A Satellite-Ground Synergistic Large Vision-Language Model System for Earth Observation
Journal:
arXiv
Published Date:
Jul 8, 2025
Abstract
Recently, large vision-language models (LVLMs) unleash powerful analysis
capabilities for low Earth orbit (LEO) satellite Earth observation images in
the data center. However, fast satellite motion, brief satellite-ground station
(GS) contact windows, and large size of the images pose a data download
challenge. To enable near real-time Earth observation applications (e.g.,
disaster and extreme weather monitoring), we should explore how to deploy LVLM
in LEO satellite networks, and design SpaceVerse, an efficient satellite-ground
synergistic LVLM inference system. To this end, firstly, we deploy compact
LVLMs on satellites for lightweight tasks, whereas regular LVLMs operate on GSs
to handle computationally intensive tasks.
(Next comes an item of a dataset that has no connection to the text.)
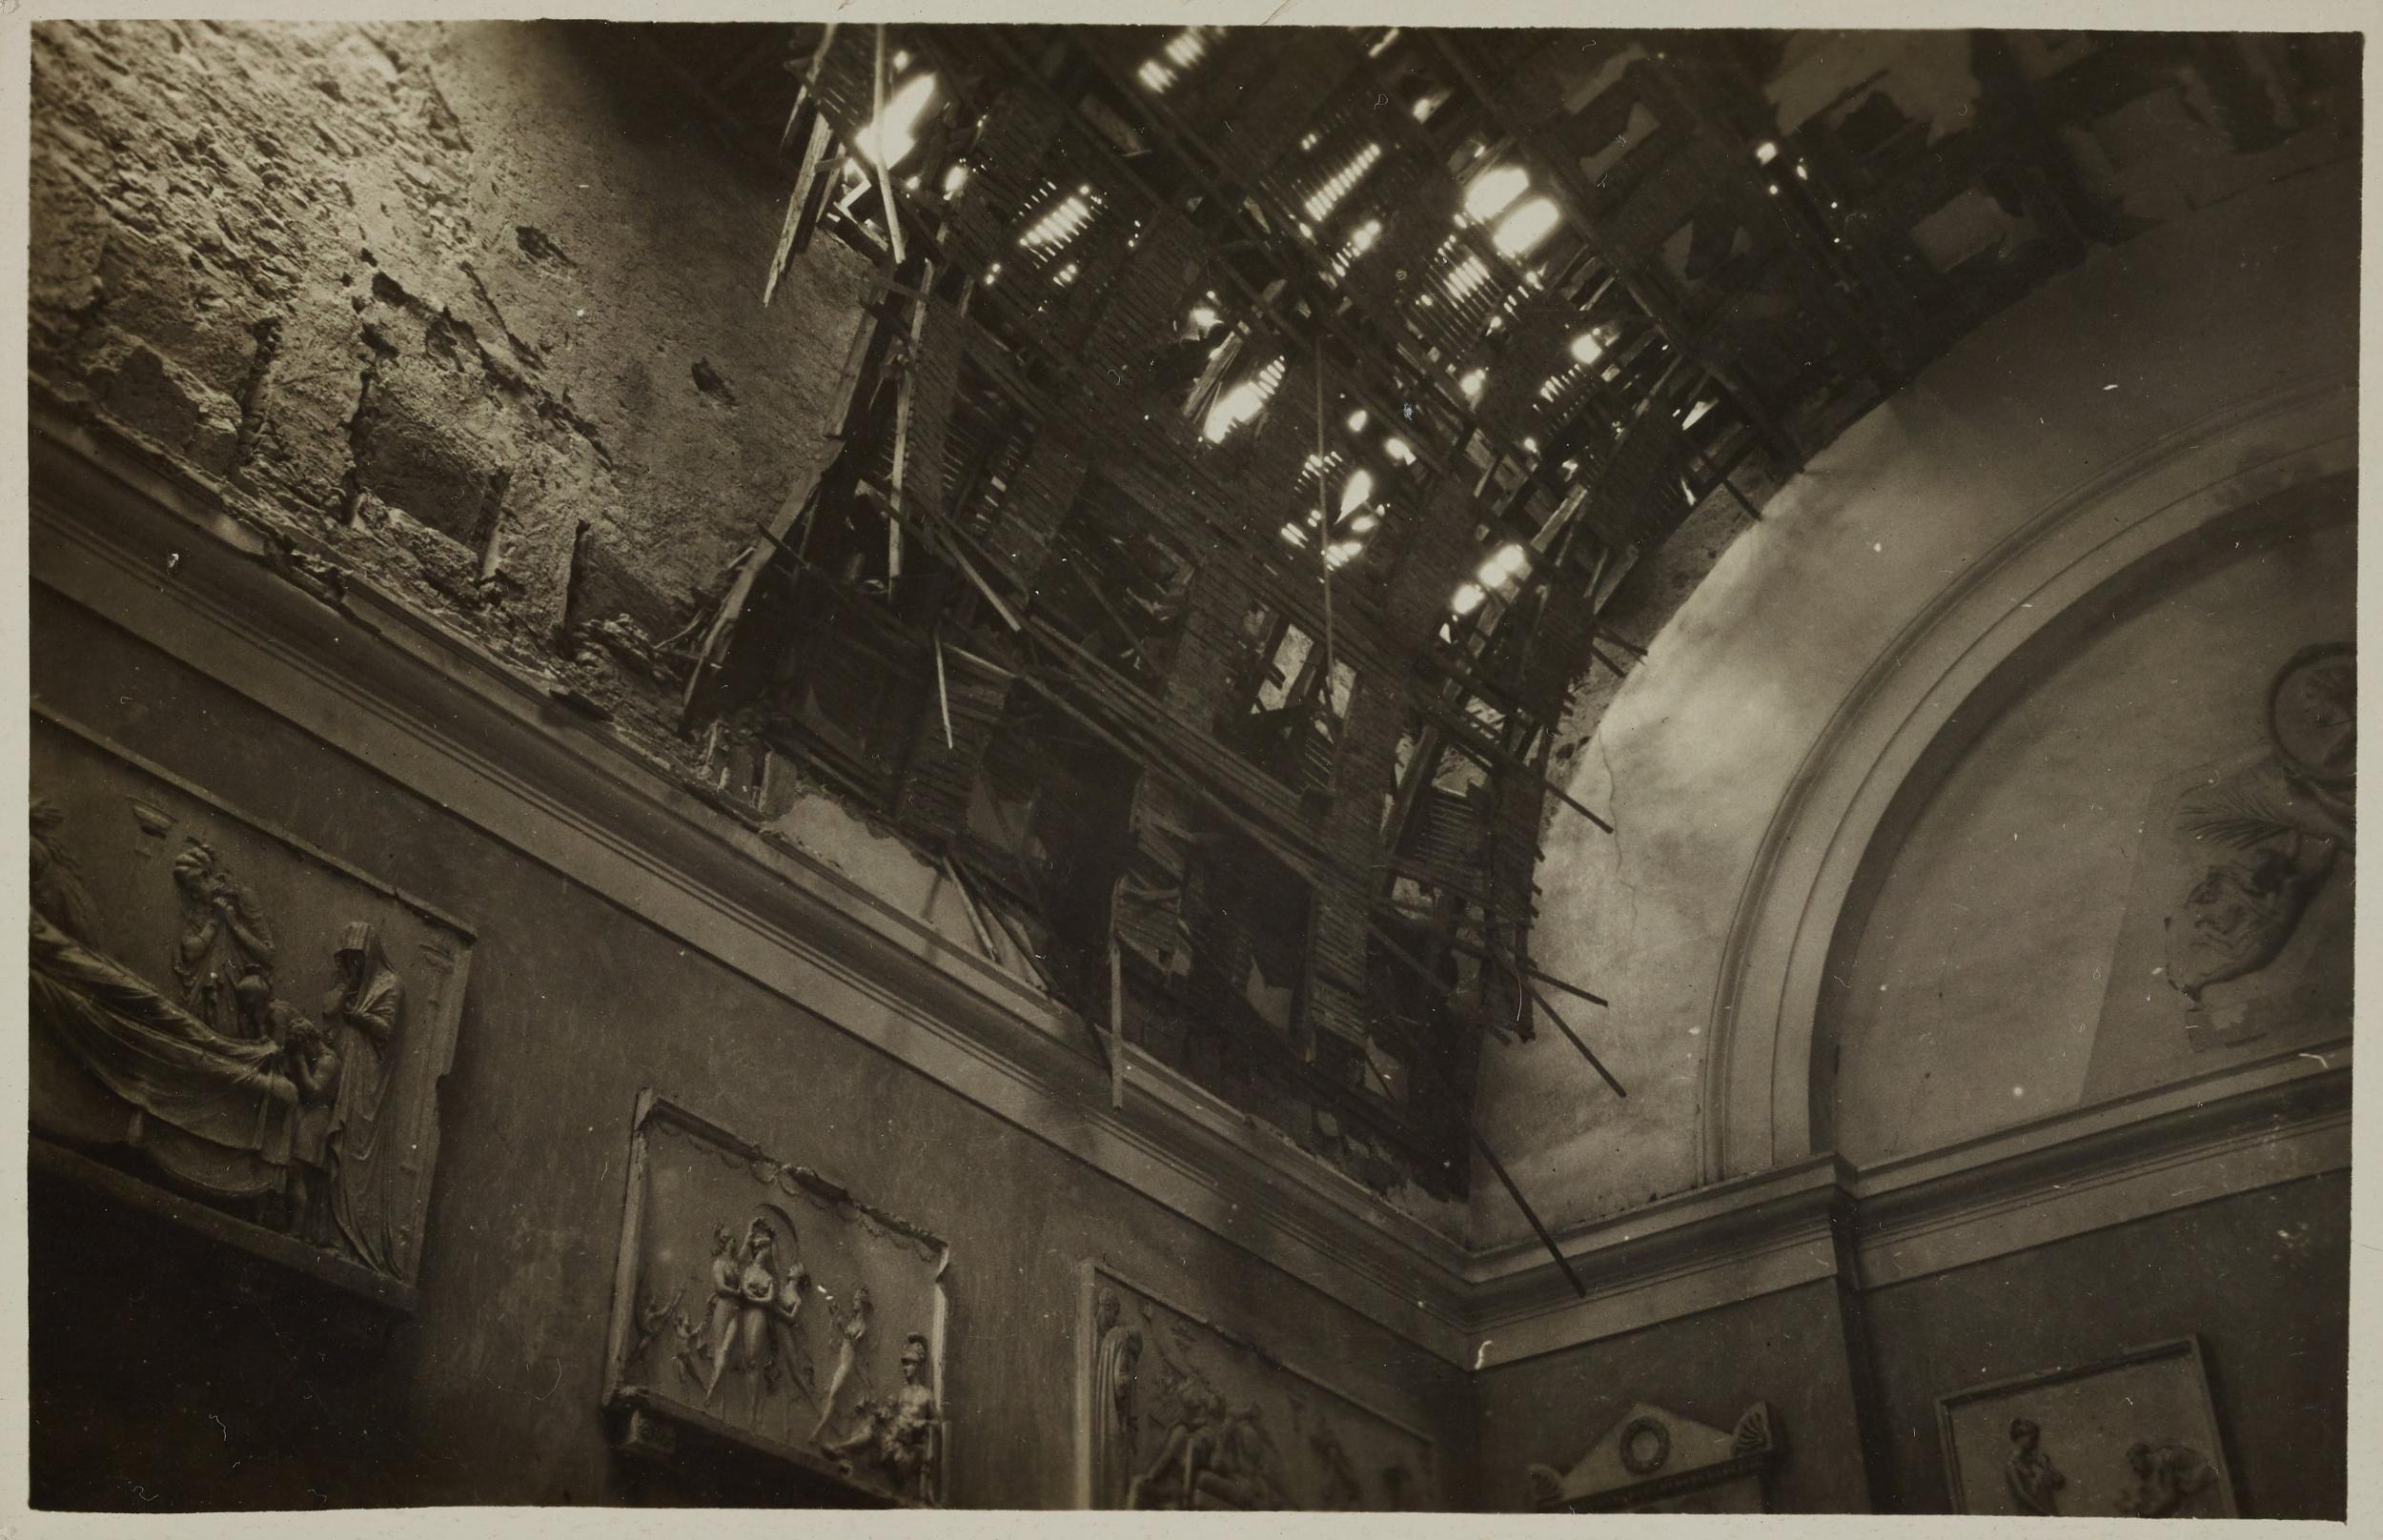 Fotografo non identificato, Possagno - interno della Gipsoteca dopo i bombardamenti, la volta, gelatina ai sali d'argento, MPI6023197

Then, we propose a computing and
communication co-design framework comprised of a progressive confidence network
and an attention-based multi-scale preprocessing, used to identify on-satellite
inferring data, and reduce data redundancy before satellite-GS transmission,
separately. We implement and evaluate SpaceVerse on real-world LEO satellite
constellations and datasets, achieving a 31.2% average gain in accuracy and a
51.2% reduction in latency compared to state-of-the-art baselines.